This is a complicated ticket for various reasons. Currently NIF has cell types
in two resources:
* An OWL ontology in the NIFSTD suite called "NIF_Cell"
* A semantic mediawiki (http://neurolex.org)
NIF_Cell is the easiest to work with as it follows relatively standard
conventions for OWL ontologies. However, this is extremely out of date, and has
not been updated for years, and there appear to be no plans to update it.

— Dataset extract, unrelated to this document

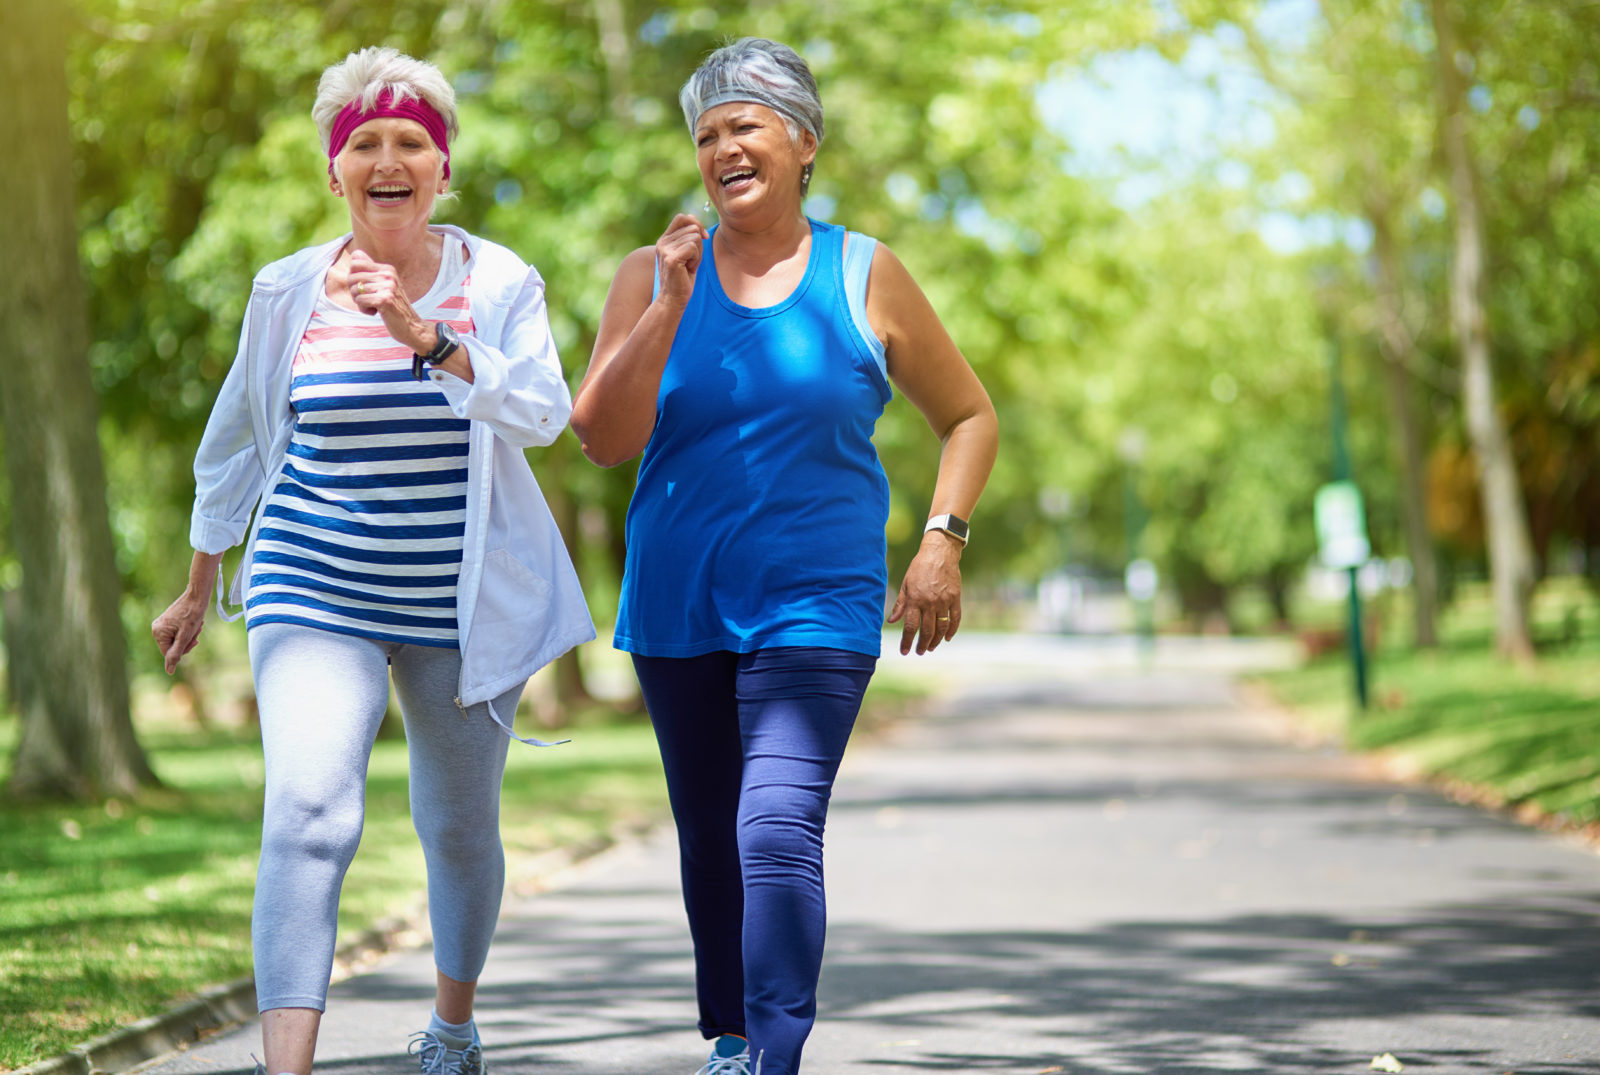 two elderly friends enjoying a run together outdoors

Neurolex is more current. However, it is extremely difficult to work with, the
representation is highly non-standard, it is full of broken links.
Additionally, it incorporates broken mass imports of other resources, such as
the neuron subset of the Drosophila anatomy (FBbt). We do not need this, as we
already have FBbt in the source OWL format which is well-integrated with CL
already.
In order to work with neurolex, I have developed a programmatic library for
interrogating it and for extracting what is the best I can do for some kind of
sane OWL: https://github.com/cmungall/nlx-pl
Please see the docs on this site for the various caveats.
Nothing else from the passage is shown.